On December 16, 2016 the Federal Railroad Administration (FRA) released their Tier 1 Final Environmental Impact Statement (EIS) to straighten the tracks of the Northeast Corridor over the next several decades. Charlestown was located within the “Old Saybrook to Kenyon Bypass” section of the plan. At that stage it was a plan, not an action, but the line they drew through Charlestown, Westerly, and Old Saybrook area of Connecticut would have been harder to move as time went by, so community action and involvement were critical in removing it from the Record of Decision (ROD).

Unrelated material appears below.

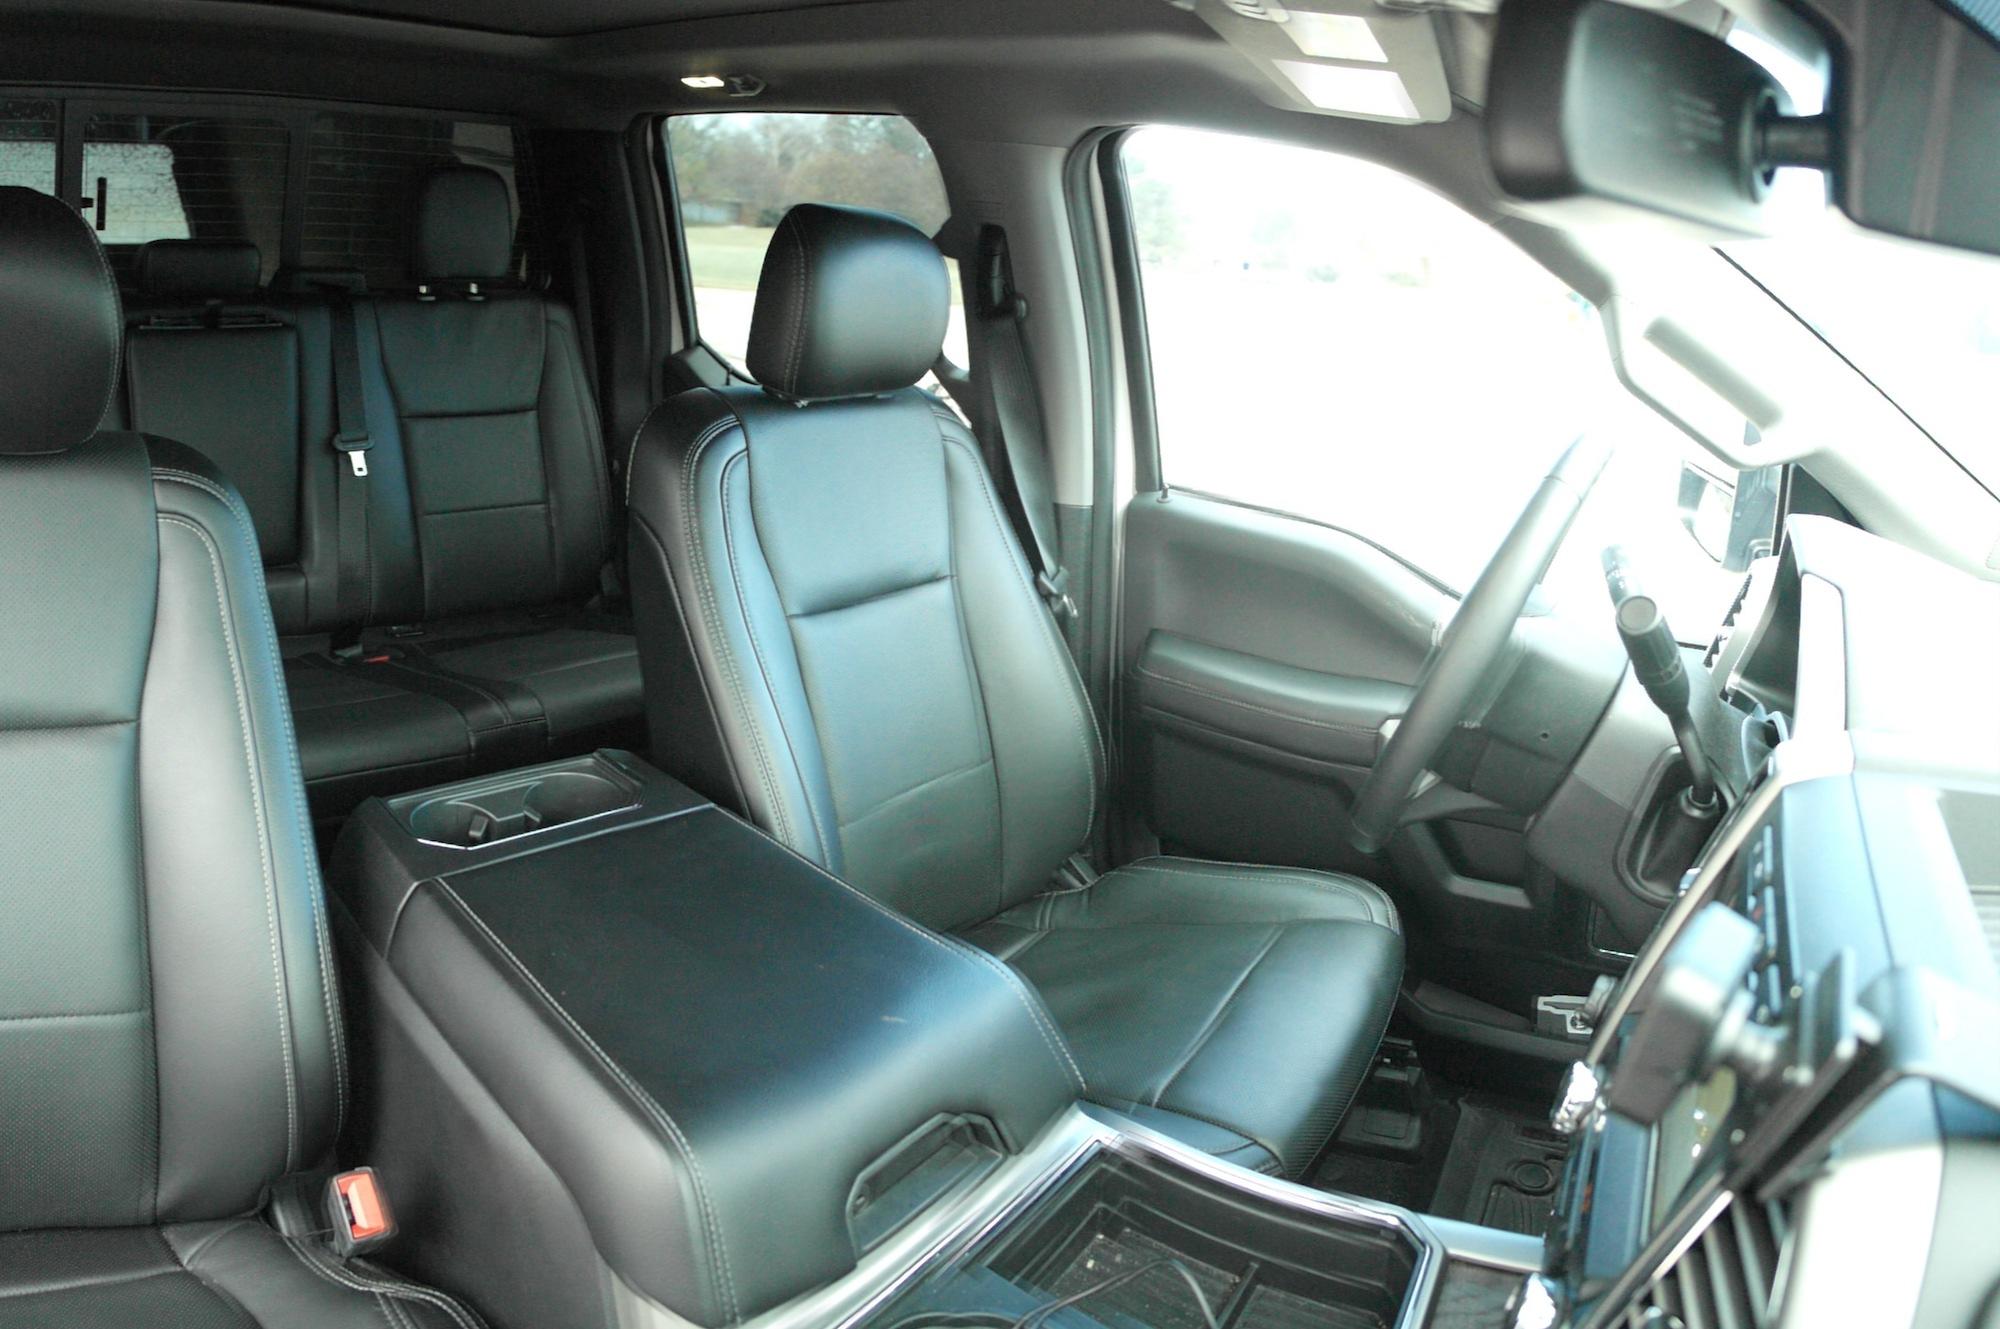 tow vehicle interior

The July 12, 2017 ROD calls for a study that could possibly bring back the Bypass.

That study has not yet begun, but for the last three years, another high-speed rail planning process, independent of the FRA, proposes a new route that would go inland through Connecticut instead of along the shoreline.

Called North Atlantic Rail, the plan is directed by well known planner Robert Yaro. The proposed new route would track to Long Island, cross Long Island Sound with a 16-mile tunnel to New Haven, and then north to Hartford. From Hartford it would travel east to UConn at Tolland Connecticut, and then on to Providence and Boston.

We will be watching this new rail plan which has the potential to shift the damage to conservation areas from the coast to western RI. It moves the problem, but it doesn’t actually solve it.


Banner image is a photo of Virginia Lee speaking at the January 25, 2017 rally at the Rhode Island State House to drop the “Old Saybrook to Kenyon Bypass” from the Federal Railroad Administration Tier 1 Final EIS. With her are Julie Carroccia, Loren Spears and others. The rally began with the announcement by then Charlestown Town Council President Virginia Lee that Governor Raimondo had just stated that she sided with South County against the Bypass.